= Thomas I of Aquino =

Count of Acerra

Thomas I of Aquino (before 1210 – 27 February 1251), usually known as Thomas of Aquino, was Count of Acerra from 1220 and a follower of Holy Roman Emperor and King of Sicily, Frederick II. The son of Adenolfo d'Aquino, Thomas belonged to the noble d'Aquino family which included the famous theologian Saint Thomas Aquinas.

==Early life==
Thomas was a supporter of the young Frederick as King of Germany and fought against the emperor Otto IV, who invaded southern Italy in 1210. He was appointed Count of Acerra after Frederick's imperial coronation in 1220 at the same time that his cousin Landulf von Aquino, the father of the church scholar Thomas, was appointed legal advisor at Terra di Lavoro. In Capua, Thomas was entrusted with fighting the rebellious Thomas of Celano, Count of Molise, and the taking of Roccamandolfi. In January 1221 he was appointed the emperor's deputy in Apulia and Terra di Lavoro.

In his new offices, Thomas immediately came into conflict with Honorius III when, in accordance with a strict implementation of the resolutions of Capua, which provided for a revocation of privileges, he demanded fees and charges for the imperial treasury from the city of Benevento. Benevento was a papal enclave in the Kingdom of Sicily, but Frederick II did not renew one of the city's privileges, legitimizing Thomas' approach.
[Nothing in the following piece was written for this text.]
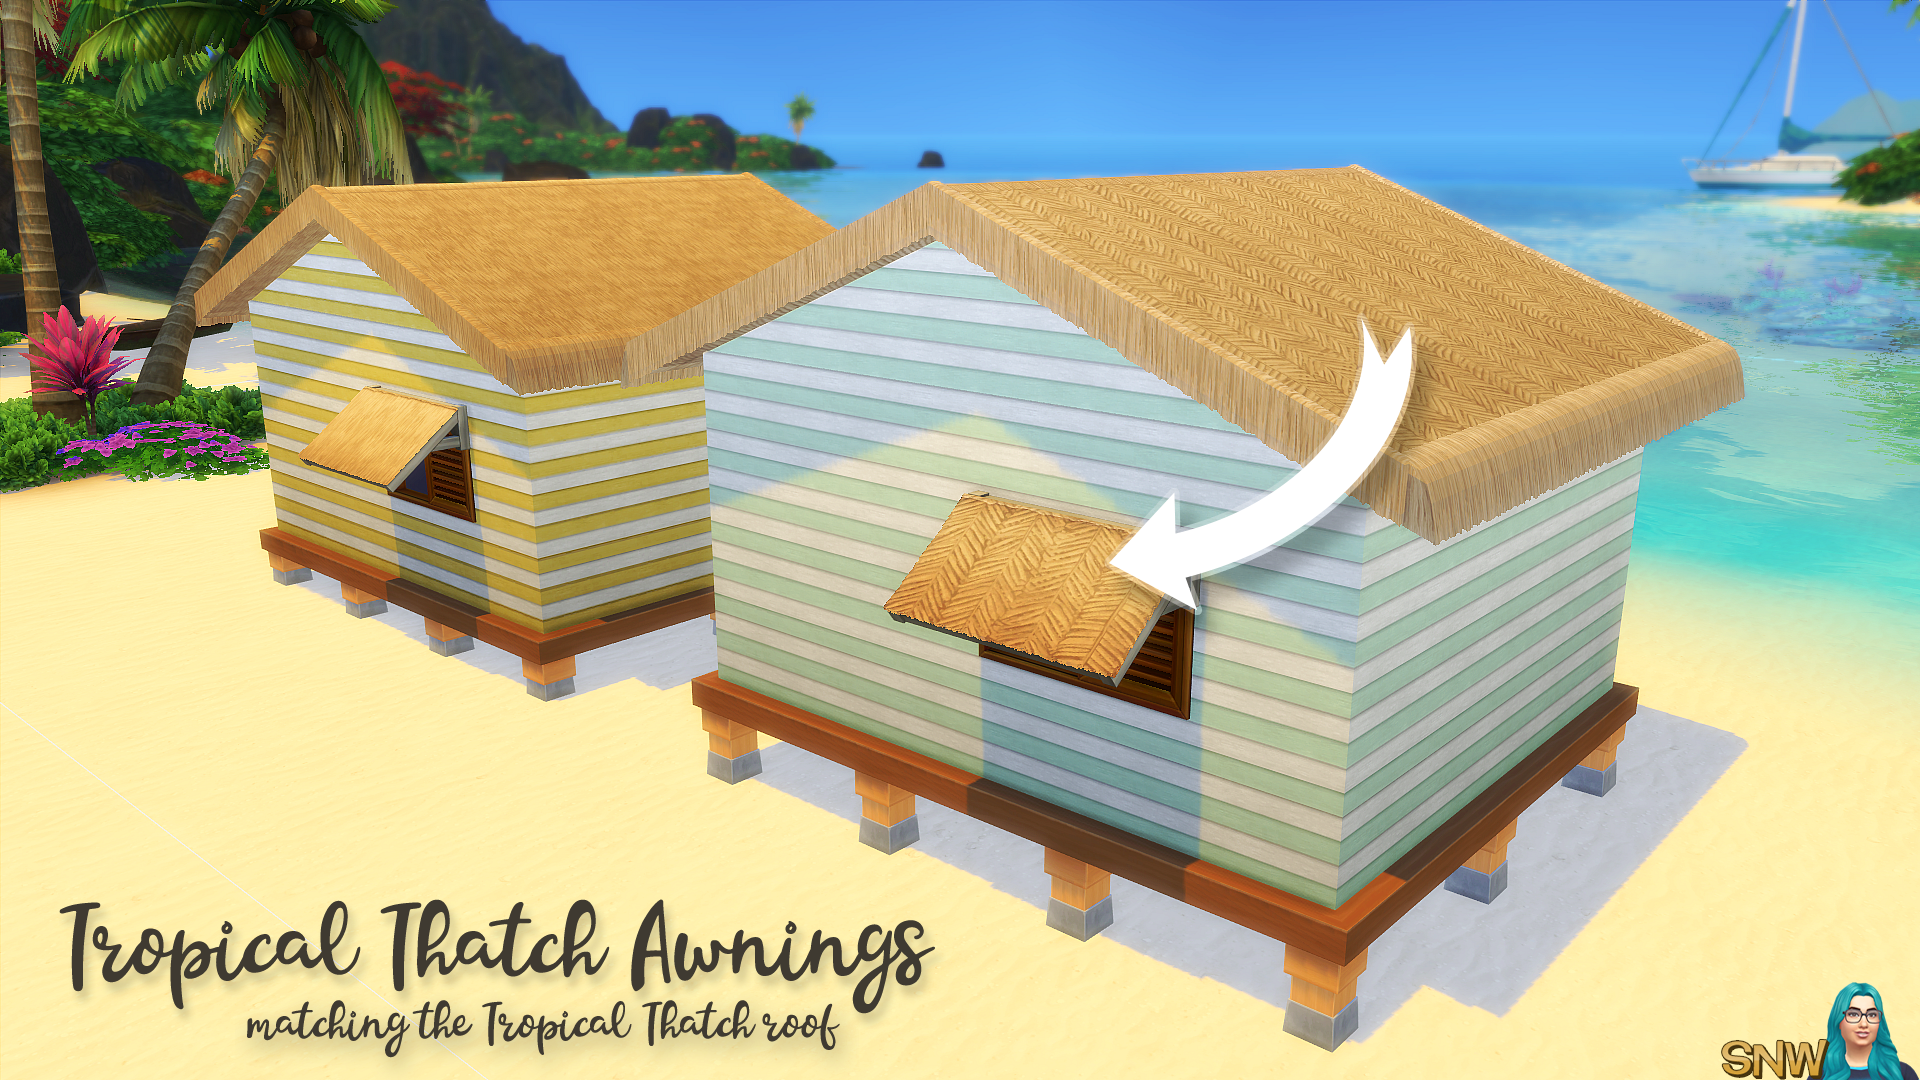 Tropical Thatch Awnings - matches Tropical Thatch roof from Island Living

Feelings of revenge may also have played a role, as Thomas was once imprisoned in Benevento in 1213. In May 1221, Honorius III became personally involved in this matter and successfully urged the emperor to respect Benevento's status as papal property.

In 1225, Frederick married Isabella II of Jerusalem, heiress to the Kingdom of Jerusalem. Frederick immediately saw to it that his new father-in-law John of Brienne, the current king of Jerusalem, was dispossessed and his rights transferred to the emperor. In particular, Odo of Montbéliard, the bailli of the kingdom, was replaced by Thomas in 1227.

==Sixth Crusade==
In July 1227, Thomas and Hermann of Salza, master of the Teutonic Knights, led an advance command of the Sixth Crusade to the Holy Land. There he served as an envoy to the Egyptian sultan al-Kamil, informing him of the emperor's imminent arrival. In the spring of 1228 he wrote a letter to the imperial court in which he reported on the death of al-Mu'azzam, al-Kamil's brother who ruled Damascus, which prompted the recently excommunicated Frederick to begin his crusade. In July 1228, Thomas rejoined the imperial entourage in Limassol and took part in the persecution of John of Ibelin. Together with Balian of Sidon, he continued as a mediator with al-Kamil, visiting him in Nablus and Gaza. Thomas developed a relationship of trust with the sultan as did the sultan's own diplomat Fakhr ad-Din ibn as-Shaikh with the emperor. This resulted in a mutual agreement between the emperor and the sultan that on 18 February 1229 returned most of Jerusalem to Christianity without war. Through his mediation work, Thomas was also able to get al-Ashraf Musa, al-Kamil's brother and emir of Damascus, to sign the treaty.

== After the Crusade ==
After returning to Italy in August 1229, Thomas was entrusted with the submission of Capua, taken by papal troops during the absence of Frederick. He was replaced as bailli by Richard Filangieri in Tyre and Odo of Montbéliard in Acre. In Melfi in 1231, he was appointed Capitaneus regni (regent) of the Kingdom of Sicily during absence of the emperor in northern Italy. He followed him there himself in 1233, where he took over the rectorate of Cremona with the consent of the local population. When the emperor set out for Germany a second time in 1235, Thomas was accepted into the Regency Council in Fano.

In 1242, Thomas was sent a second time to the Holy Land to act there as deputy to the emperor and from April 1243 for Conrad II of Jerusalem in his role as regent. In doing so, he faced opposition from the same local barons under the leadership of the House of Ibelin that had ousted Filangieri. At a general council held in Acre on 5 June 1243, the barons and prelates of the kingdom approved the position of legal scholar Philip of Novara than no oath to the king could be taken as long as he did not appear in his kingdom. As a result, the government established by Conrad II could not be recognized as legitimate, and the council installed Alice of Cyprus and her husband Raoul of Nesle. Thomas returned to Italy just prior to the loss of took the port city of Tyre, the last base of the Hohenstaufen rule in the Holy Land.

==Family==
From his marriage to a woman whose name was unknown, Thomas had two sons, Adenolfo (died 1242) and Ciacopo (died after 1252). Adenolfo's son Thomas II of Aquino (died 15 March 1273) succeeded him as Count of Acerra.